[fpc-devel] The 15k bounty: Optimizing executable speed for Linux x86 / LLVM

Sun Nov 18 11:08:05 CET 2018

Am 17.11.2018 um 22:28 schrieb Florian Klämpfl:
> Am 17.11.2018 um 22:10 schrieb Simon Kissel:
>> Hi Florian,
>>
>>> With some compiler tuning and a few tricks (two changes to the code
>>> and hand-simulated peephole optimizations, but I
>>> think these tricks can also the compiler do):
>>
>> Nice - what changes did you do?
>>
>> Changing the code of course is cheating, but there might be something
>> to learn for us, here.
> 
> I prevented the compiler to put certain variables in registers by taking their address :) But I did so only to test if
> this helps and for i386 this helps as the decision which variables go into registers is not that easy, but see below.
> 
>>
>> Would be great if whatever trick you did could be part of the
>> compiler.
> 
> Meanwhile the compiler can do it (not yet committed). Same VM as yesterday, all rates are a little bit lower, not sure
> why (probably to many VMs open :)), but this applies to all three executables.
> 
> florian at ubuntu32:~$ ./vipribenchmemcache_nodeps

With rev. 40346 I have committed my last changes. As the code is still experimental, it needs to be activated by the
command line when building FPC:

make clean all "OPT=-Aas -dtls_threadvars -O4 -dSPILLING_NEW"

(add -Cp... -Op... options if the target system is known)

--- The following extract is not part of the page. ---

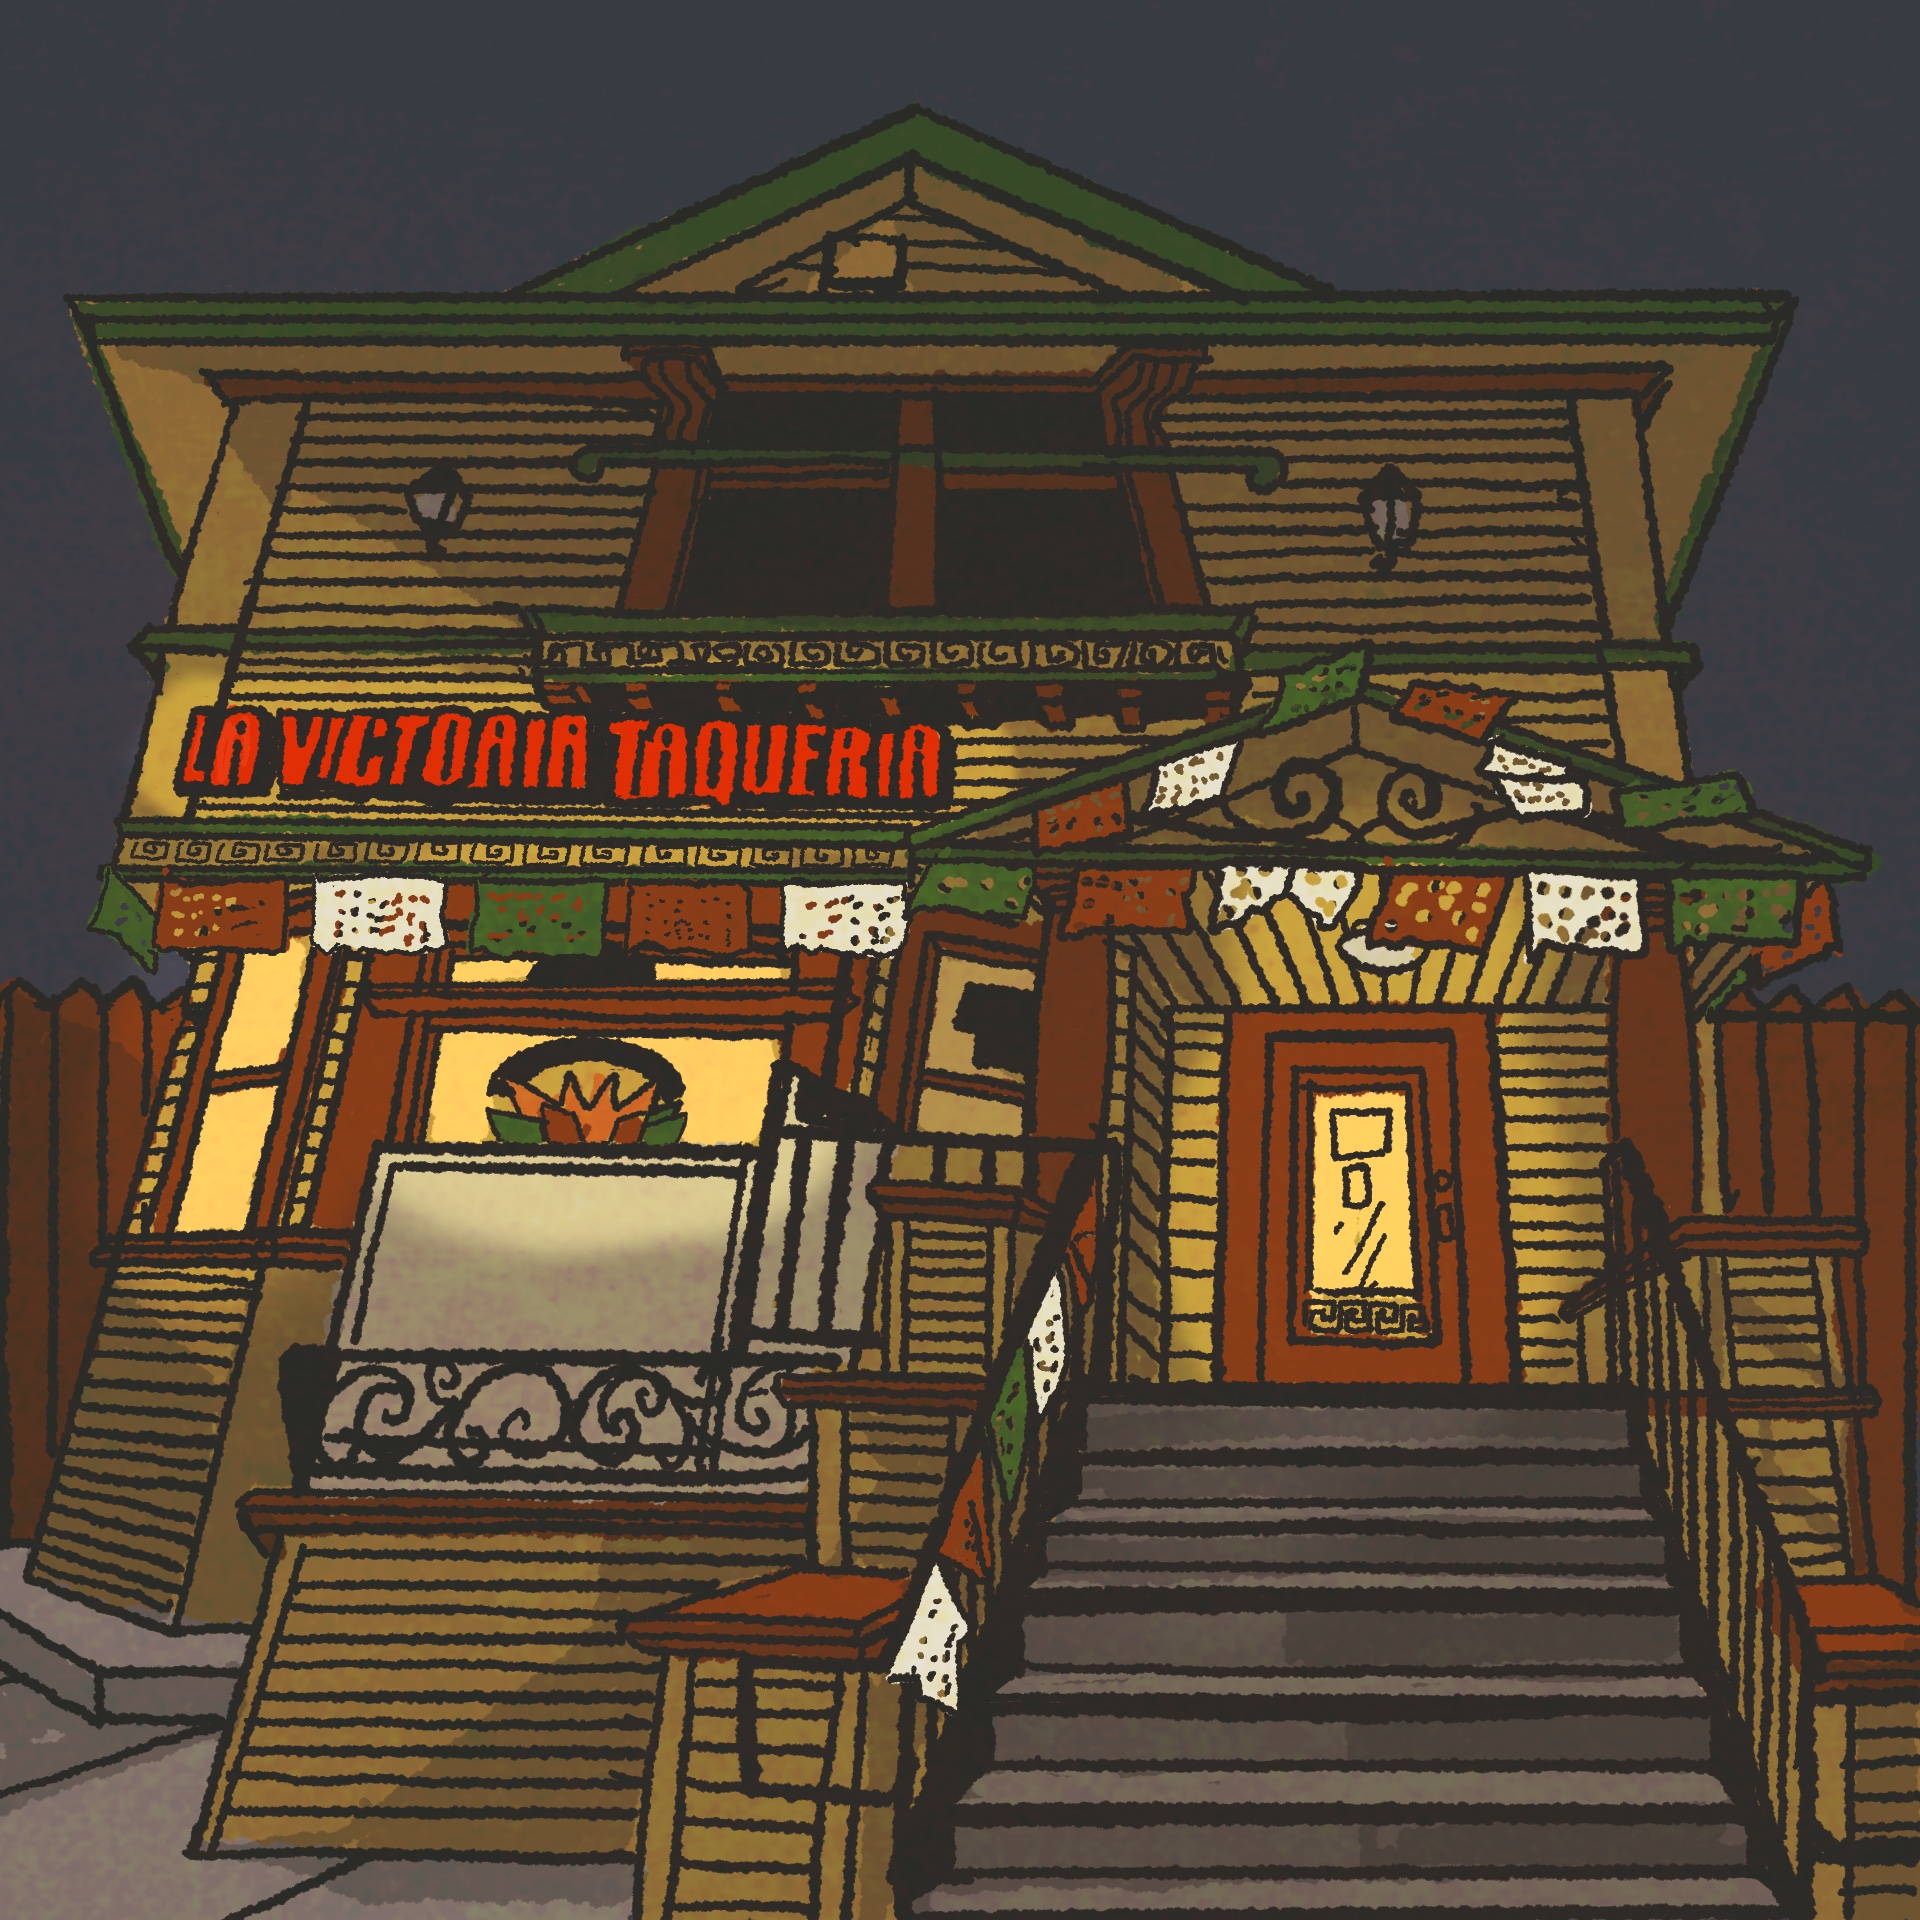 Illustration: Exterior of La Victoria Taqueria, in an old Victorian house, lit up at night.

Compile the benchmark with (where fpcnew is the newly build fpc):

fpcnew -O4 -Sd -FWvipri.wpo -OWDEVIRTCALLS,OPTVMTS vipribenchmemcache_nodeps.dpr
fpcnew -O4 -Sd -Fwvipri.wpo -OwDEVIRTCALLS,OPTVMTS vipribenchmemcache_nodeps.dpr

The changes help also on arm and arm can be build using the same command line, however, at least on a Raspi3B+ the
improvement is less significant than on i386 (still the old cache flush (?) issue which is outside of the scope of FPC?).